» **Supplied material**
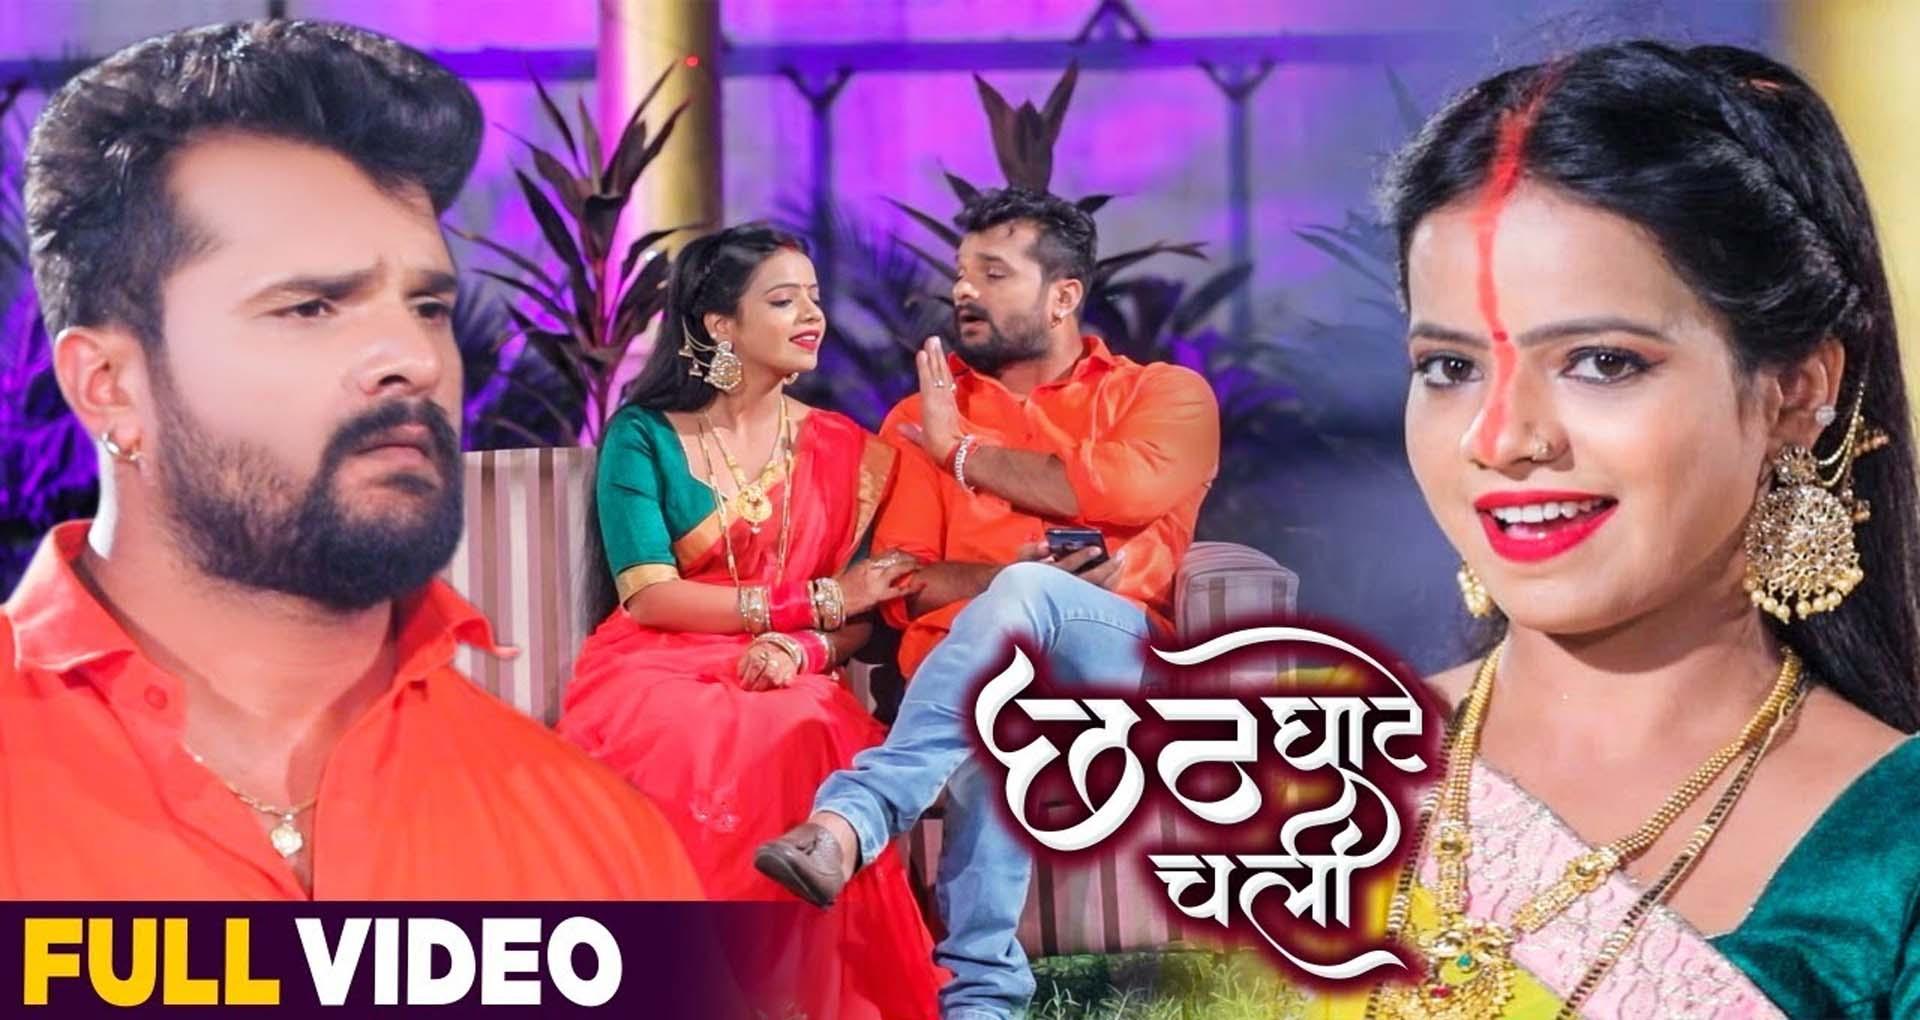 Khesari Lal Yadav Chhath Song: छठ पर्व धूम मचा रहे हैं खेसारी लाल के गीत, देखें वीडियो
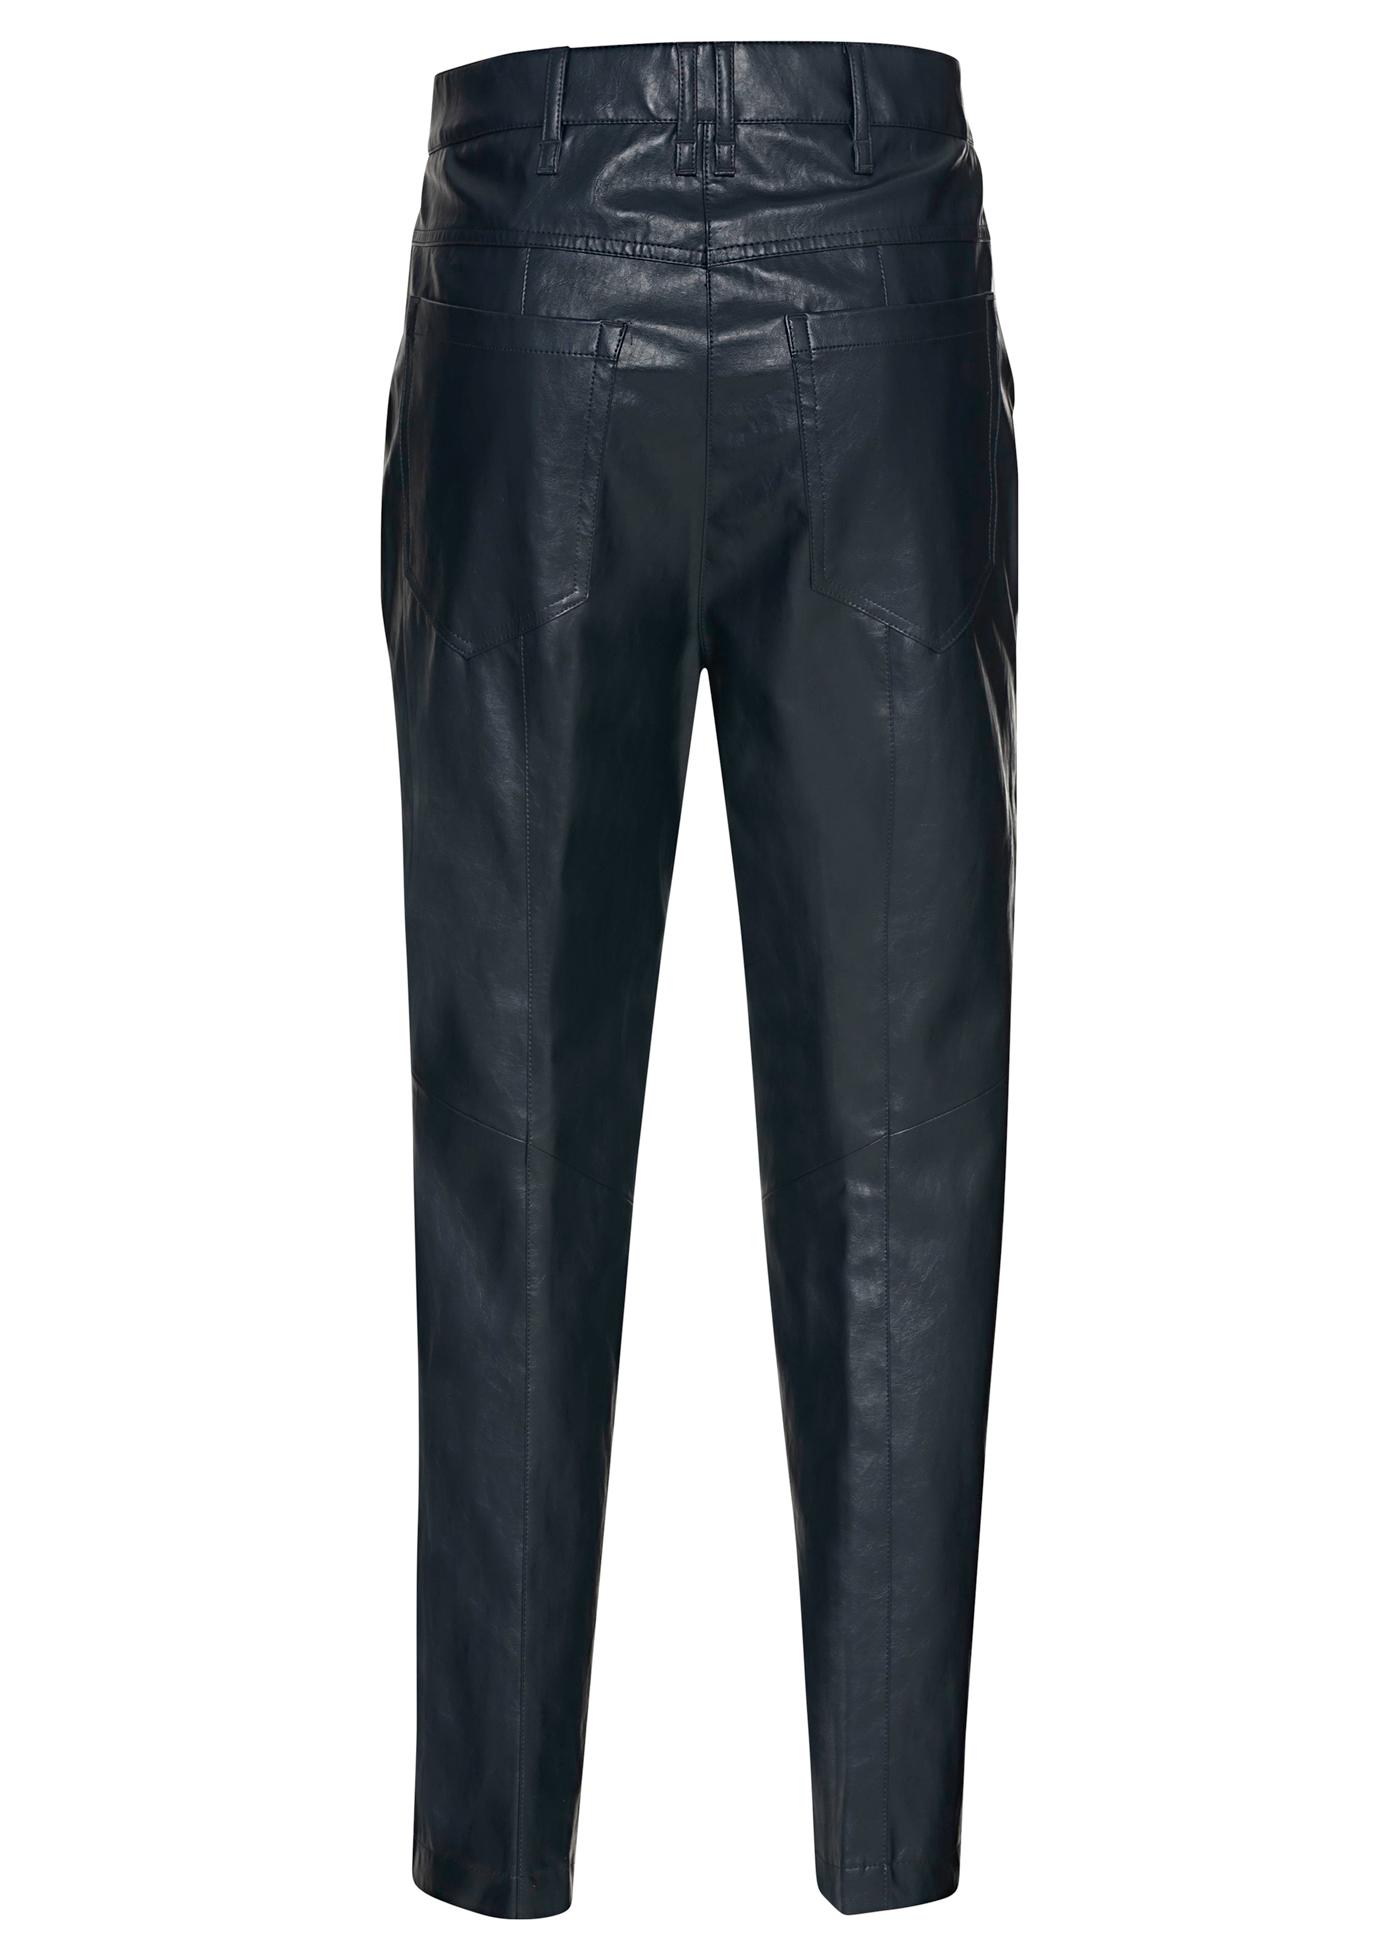 Tapered Pants in Leder-Optik image number 1
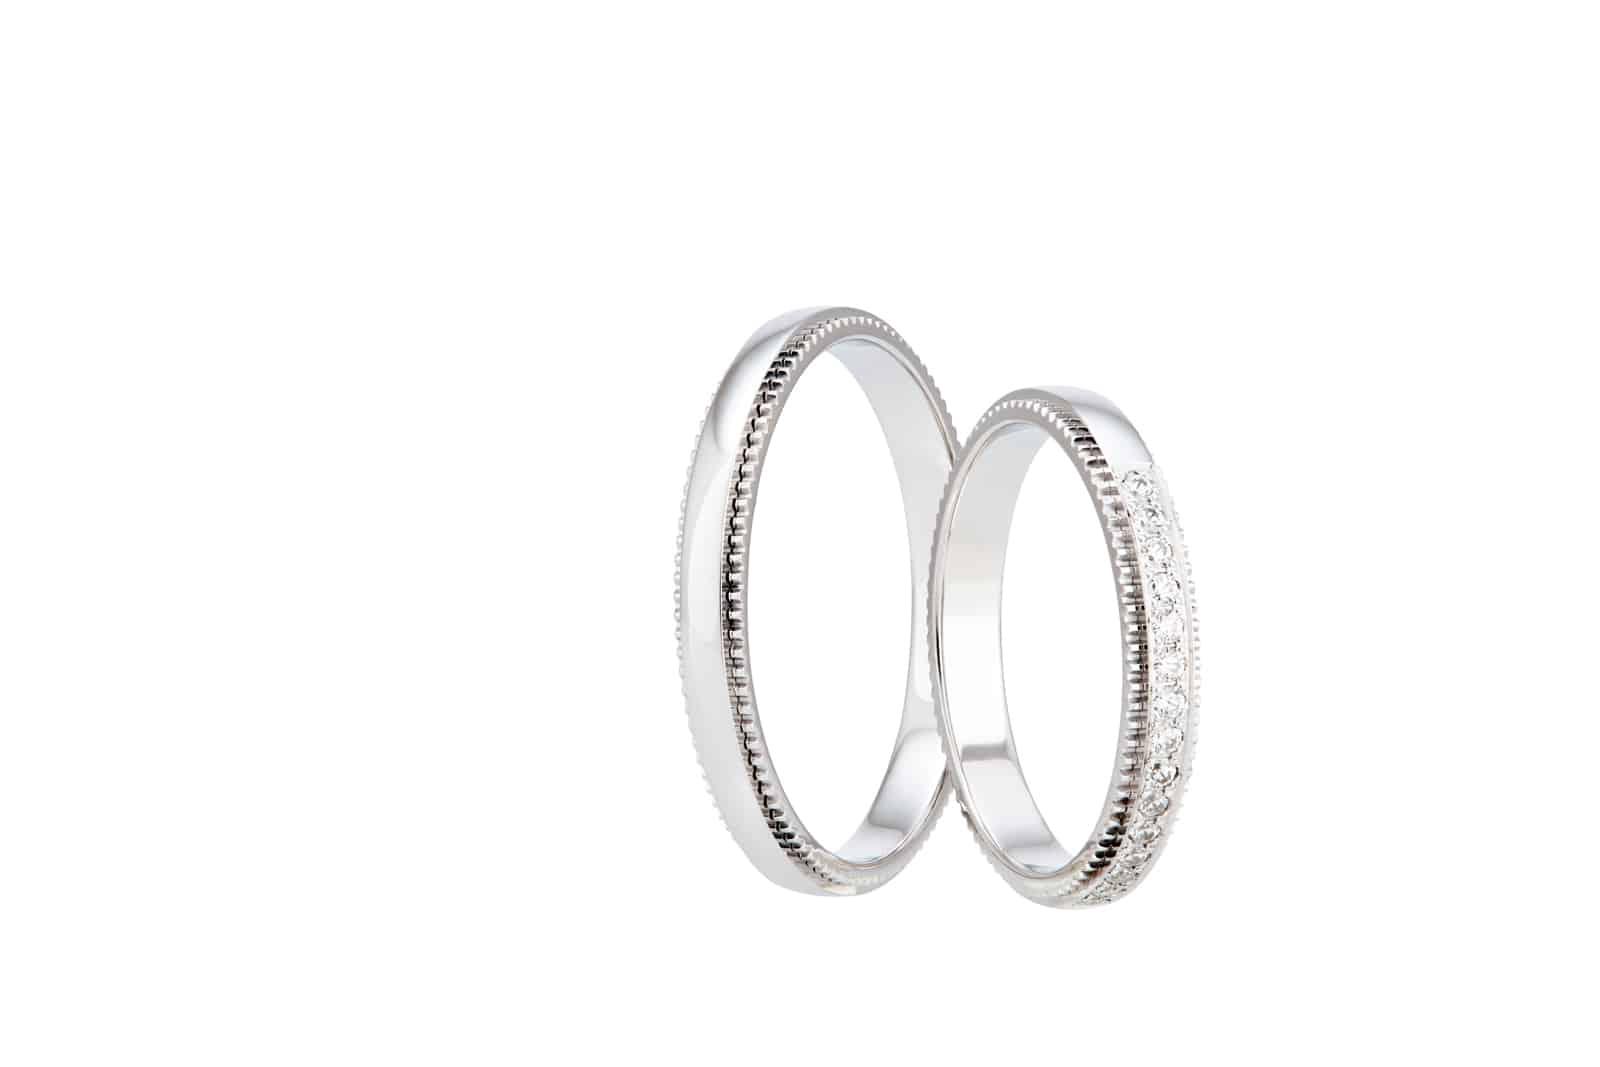 Rýdl snubní prsteny nová kolekce

» **Task requirements**
In your copy, leave out the pictures and reproduce the material above exactly.

» **Written answer**
 Khesari Lal Yadav Chhath Song: छठ पर्व धूम मचा रहे हैं खेसारी लाल के गीत, देखें वीडियो
 Tapered Pants in Leder-Optik image number 1
 Rýdl snubní prsteny nová kolekce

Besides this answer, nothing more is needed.